Speaker: Chen Deming (professor of University of Illinois at Urbana-Champaign, U.S.)
Theme: design, compiling and acceleration of deep neural network in the applications of Internet of Things (IoT)
When: 16:00, Oct. 22 (Tuesday)
Where:J2-103, Jiulonghu Campus
Hosted by: Chieng-Shiung Wu College of SEU
About the speaker:
Dr. Chen Deming, the holder of Bachelor’s Degree in Computer Science from the University of Pittsburgh and Master’s Degree and Ph.D. in Computer Science from the University of California, is currently serving University of Illinois at Urbana-Champaign as a Professor at the Department of Electronics and Computer Engineering. His current researches cover the system-level and advanced synthesis, machine learning, GPU, reconfigurable computing and hardware security, etc.. He was once invited to deliver more than 110 related lectures. Dr. Chen once received the Arnold O. Beckman Research Award from UIUC, the NSF Professional Award, 8 Best Paper Awards and ACM SIGDA Outstanding New Teacher Award; besides, he was once granted IBM Instructor Award twice, led the team to win the first prize twice in DAC International System Design Competition in the field of Internet of Things and was appraised as the excellent teacher. In addition, he is a scholar of Donald Bygweitzer School of Engineering, an IEEE member, an ACM Distinguished Speaker and the editor of ACM TREES. He has participated in the foundation of several companies such as Yingrui Internet of Things.

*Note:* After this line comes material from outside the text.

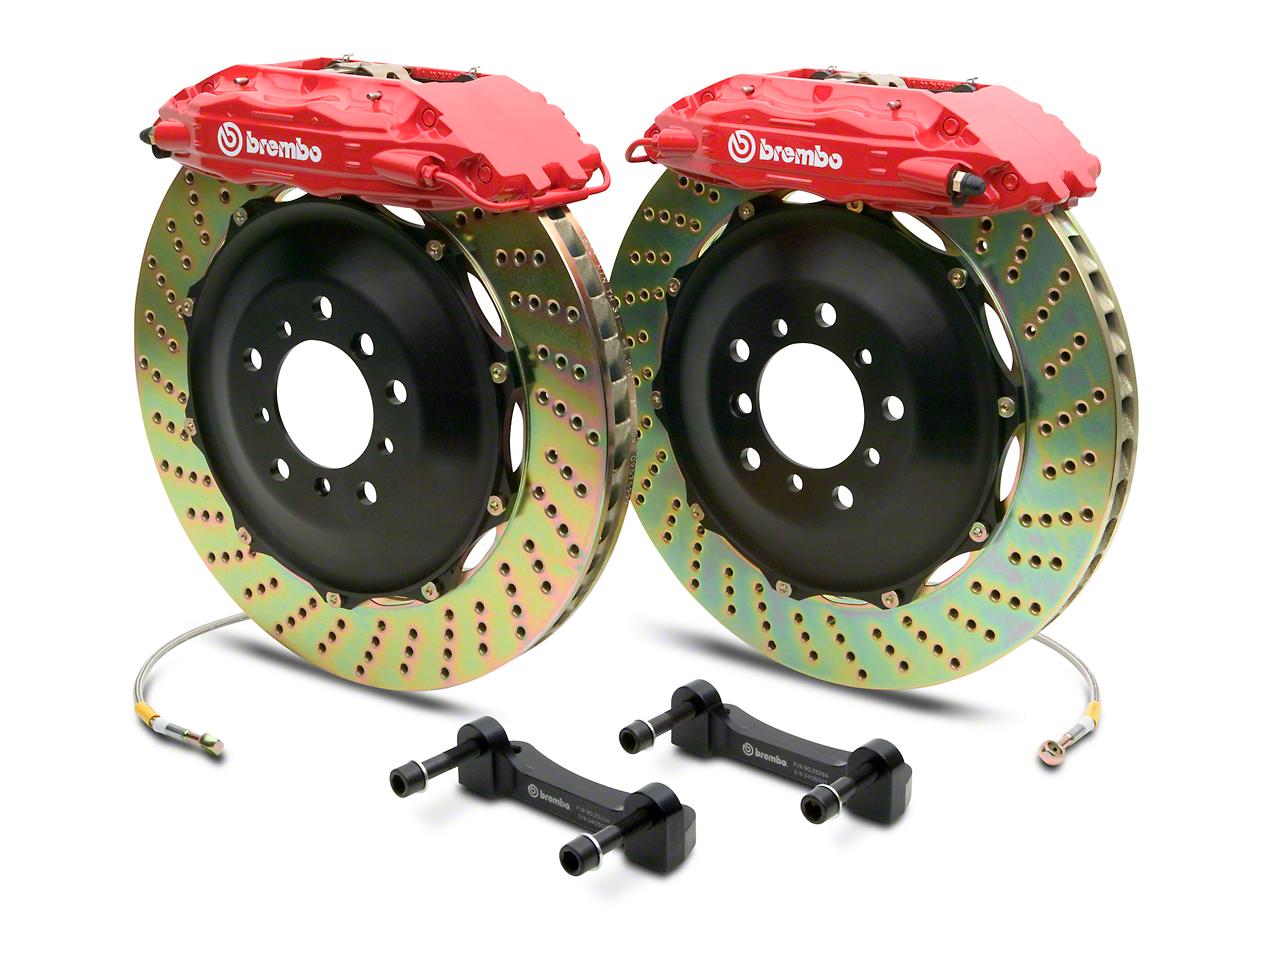 Brembo GT Series 4-Piston Rear Brake Kit - 2-Piece Cross Drilled Rotors - Red (14-18 Silverado 1500)

[Reasons for recommendation]
Today, various deep neural networks (DNNs) are widely applied to the driving of the Internet of Things. These IoT applications rely on the efficient hardware implementation of DNN. In this lecture, Professor Chen Deming will analyze several challenges faced by AI and IoT applications in mapping DNNs to hardware accelerators, especially how FPGA accelerates DNN as loaded on the cloud and the edge devices. As FPGA features difficulty in programing and optimization, Professor Chen will introduce a range of effective design techniques to achieve high performance and energy efficient DNN on the FPGA, including automated hardware/software co-design, configurable use of DNN IP cores, resources allocation between DNN layers, intelligent pipeline scheduling, DNN restoration and retraining. Professor Chen will display several design solutions, including a long-term circular convolutional network (LRCN) for video subtitles and an Inception module for face recognition (GoogleNet).